Hi,
I have trained a model to learn correlation between (audio, image) input pairs. While the original use case is for audio-visual correlation, I also want to use the embeddings from an intermediate layer of this trained model for unimodal similarity (e.g image-image or audio-audio similarity). Is it possible to do this without running a forward pass and if so I would like some guidance on this.
My model code appears below (MMDNet). After I train this model, I load it with the saved weights. Then I want to use it for image similarity as follows.

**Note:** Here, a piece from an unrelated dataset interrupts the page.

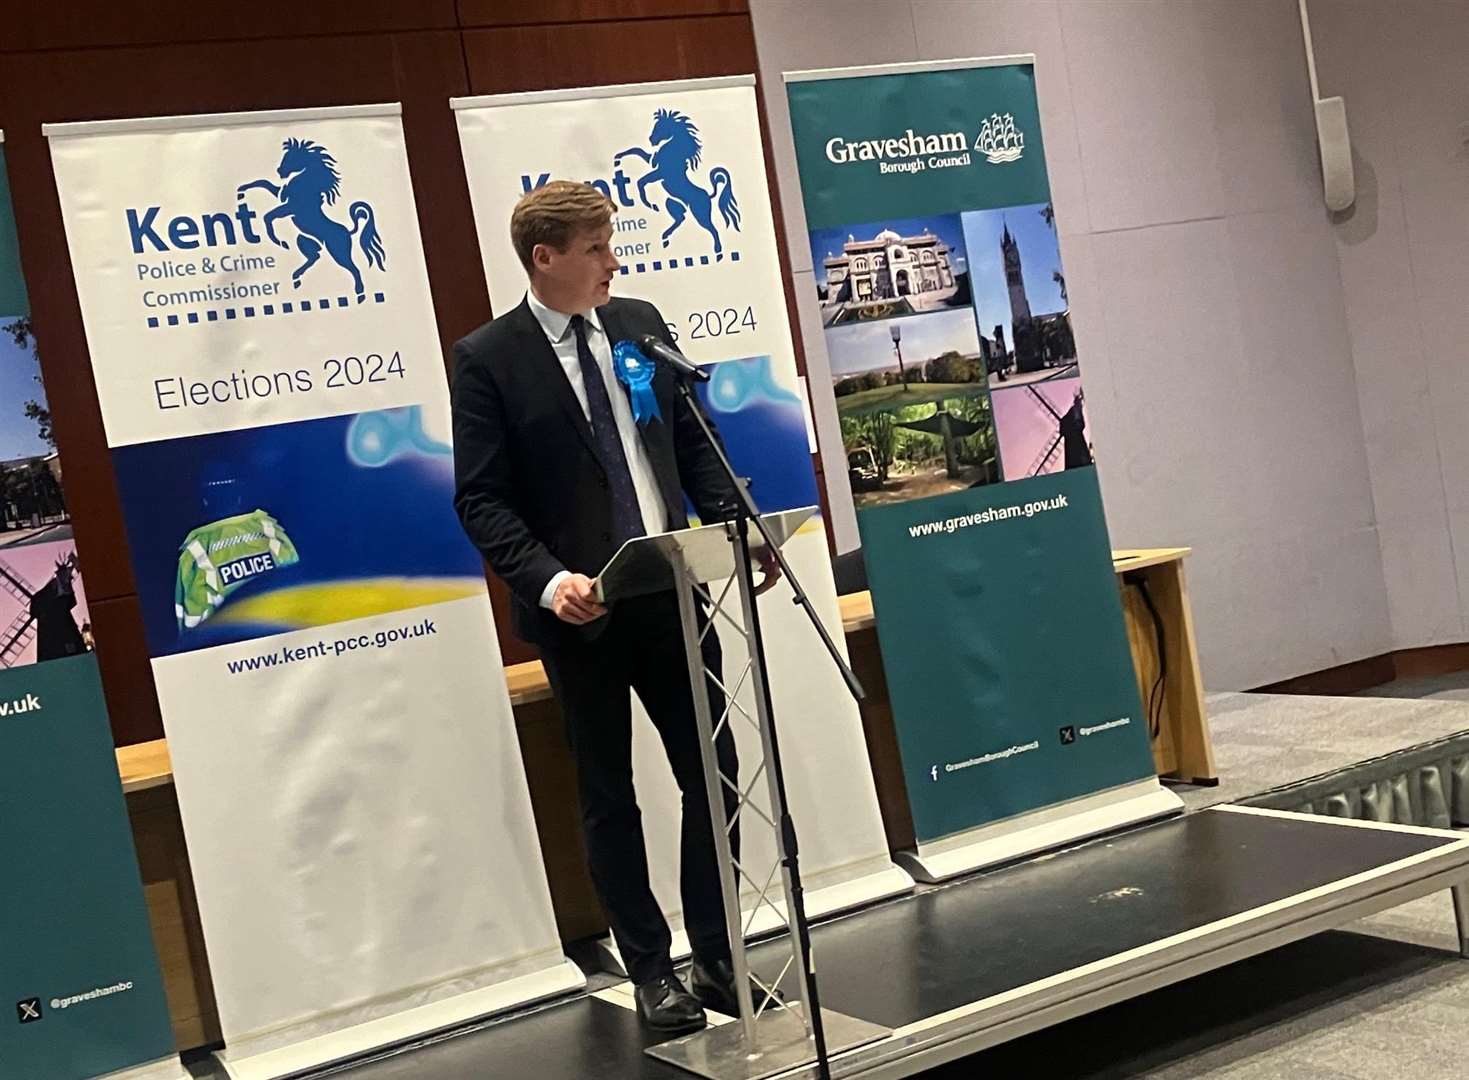 Matthew Scott gives his address after winning the Kent Police and Crime Commissioner election 2024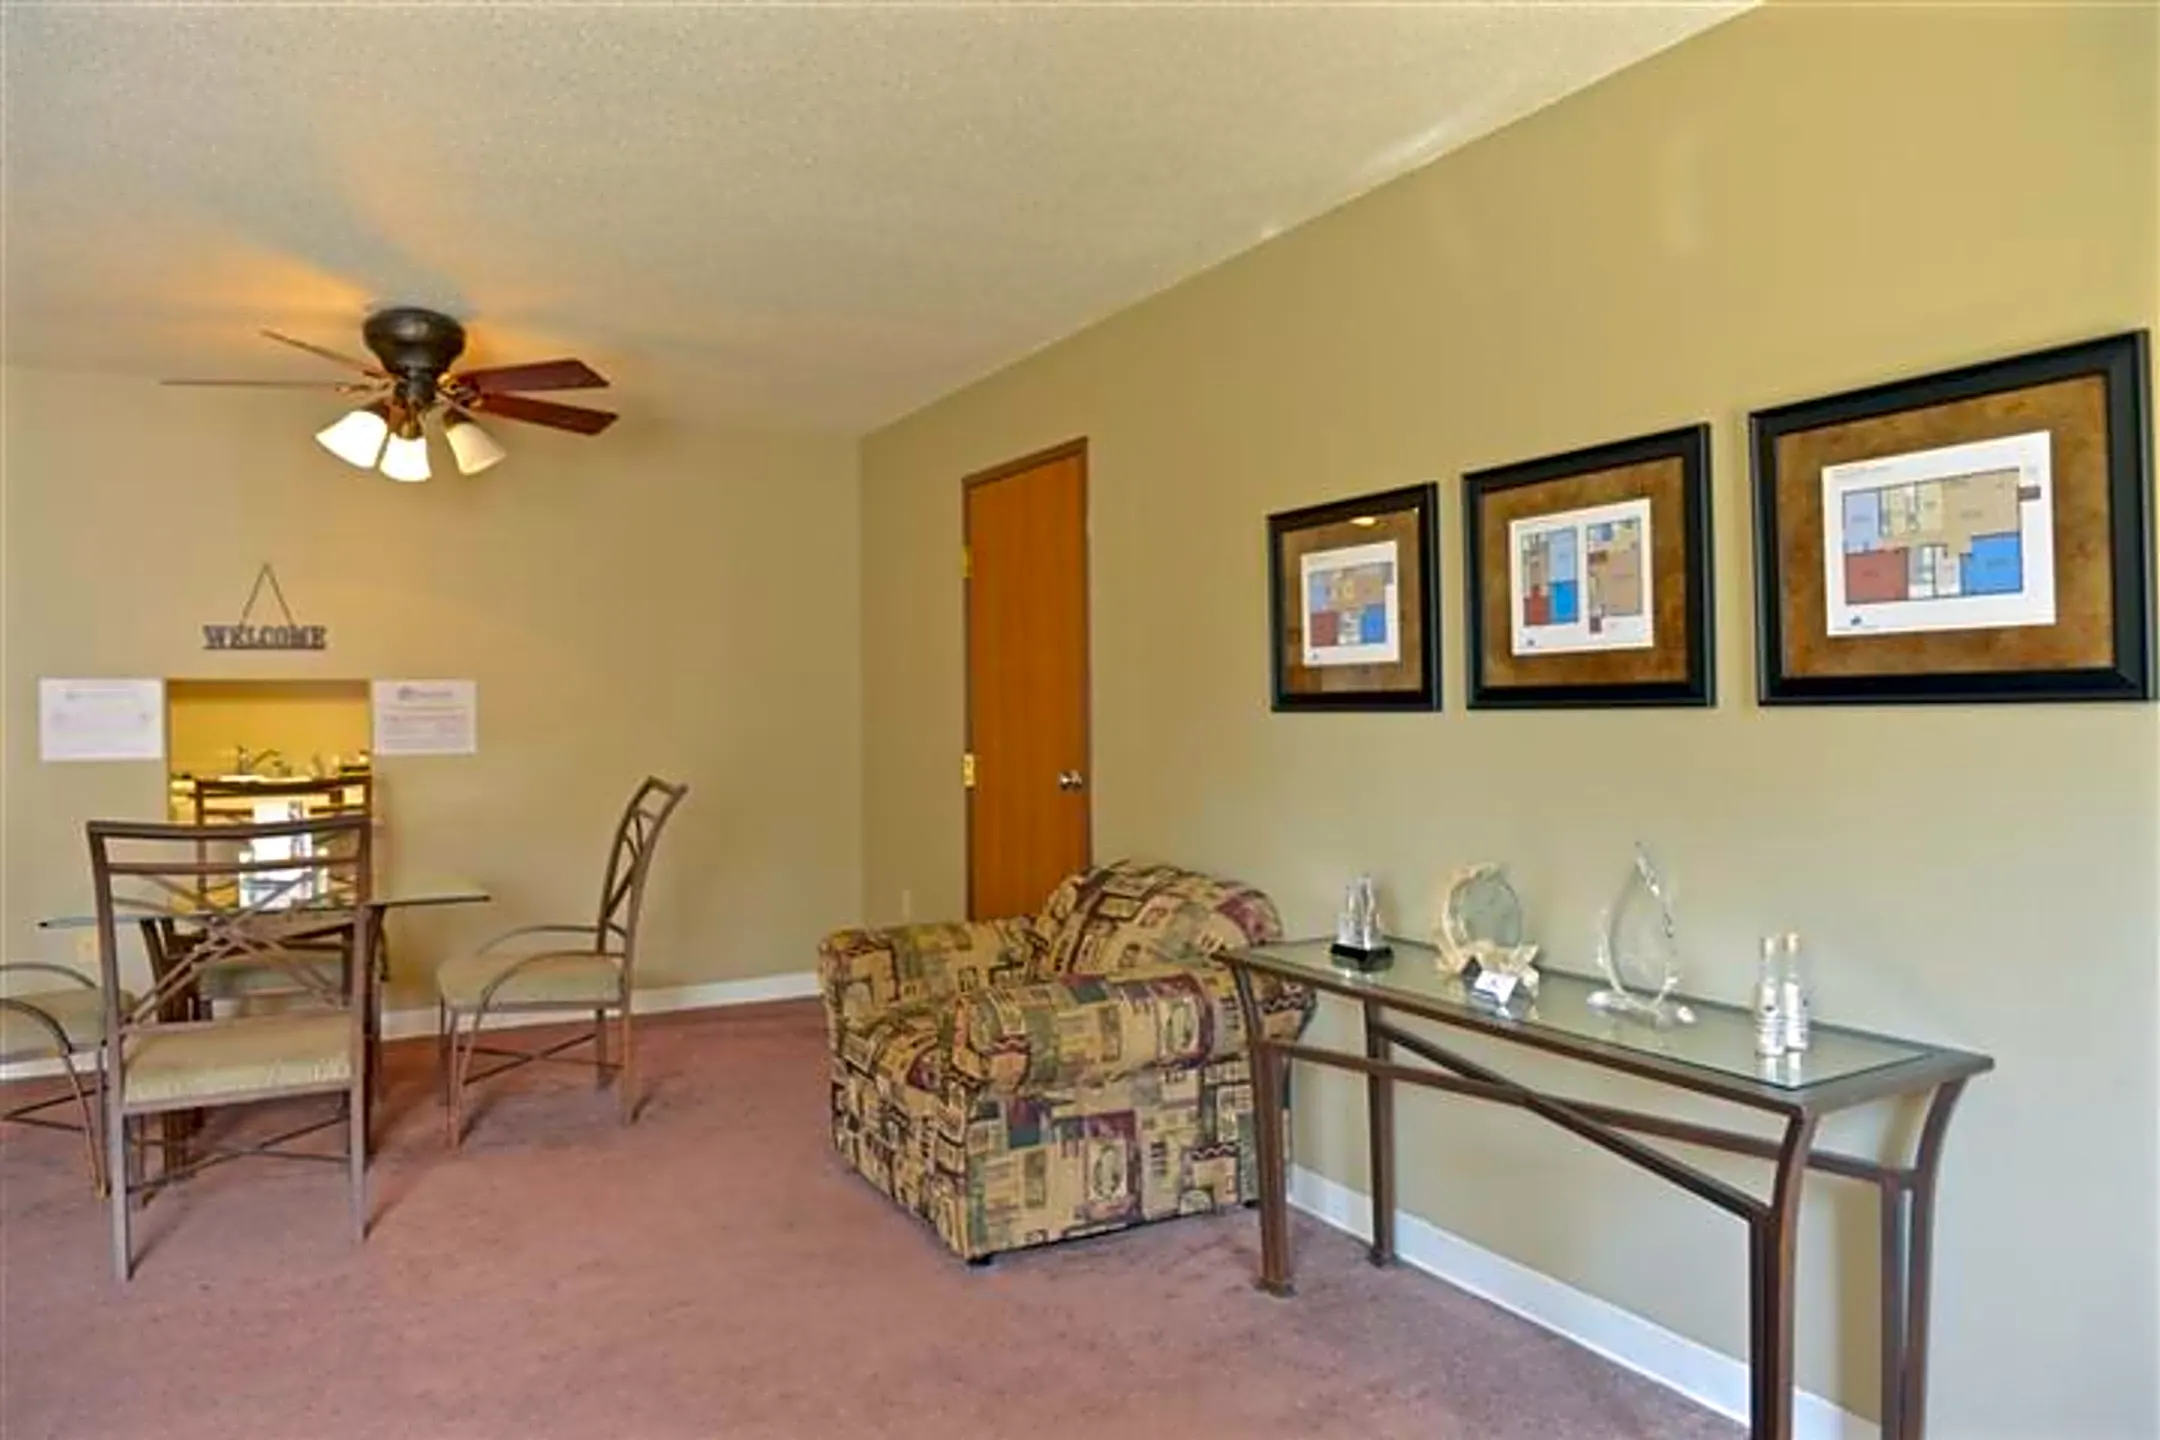 Dining Room - Woodsedge Apartments - Eau Claire, WI

However, this generates an error “DataParallel object has no attribute getImgEmb” even though the model has that method. I could run forward pass and get the embeddings, but the forward pass would require me to input audio. I want to know if I can extract the image embeddings from the visual subnetwork (which is what getImgEmb() is doing), without having to pass audio input.
thank you
#================code for image similarity from pretrained MMDNet=======
#load pretrained model
model = MMDNet(2)
device = torch.device(“cuda” if use_cuda else “cpu”)
num_gpus = torch.cuda.device_count()
gpu_list = list(range(num_gpus))
model = torch.nn.DataParallel(model, device_ids=gpu_list)
model.to(device)
model.load_state_dict(saved_wts)
model.eval()
#get Image embeddings, however this generates an error “DataParallel object has no attribute getImgEmb”
emb1 = model.getImgEmb(src_img)
emb2 = model.getImgEmb(dest_img)
#get euclidean distance between (emb1, emb2) to compute similarity
#====mulimodal correlation model ===#
class MMDNet(nn.Module):
def init(self, n_cls):
super(MMDNet, self).__init__()
self.num_class = n_cls
self.vfeatures = VisNet() #visual subnetwork
self.afeatures = AudNet() #audio subnetwork
self.av_classifier = nn.Linear(1, n_cls)
def forward(self, x_v, x_a):
v_out = self.vfeatures(x_v)
a_out = self.afeatures(x_a)
#euclidean distance between embeddings
av_dist = F.mse_loss(v_out, a_out, reduction='none').mean(1)
out = av_dist.view(av_dist.shape[0], 1)
out = self.av_classifier(out)
return out
def getImgEmb(self, x_v):
“”“Get visual embeddings for a given image from the visual subnetwork”""
v_emb = self.vfeatures(x_v)
return v_emb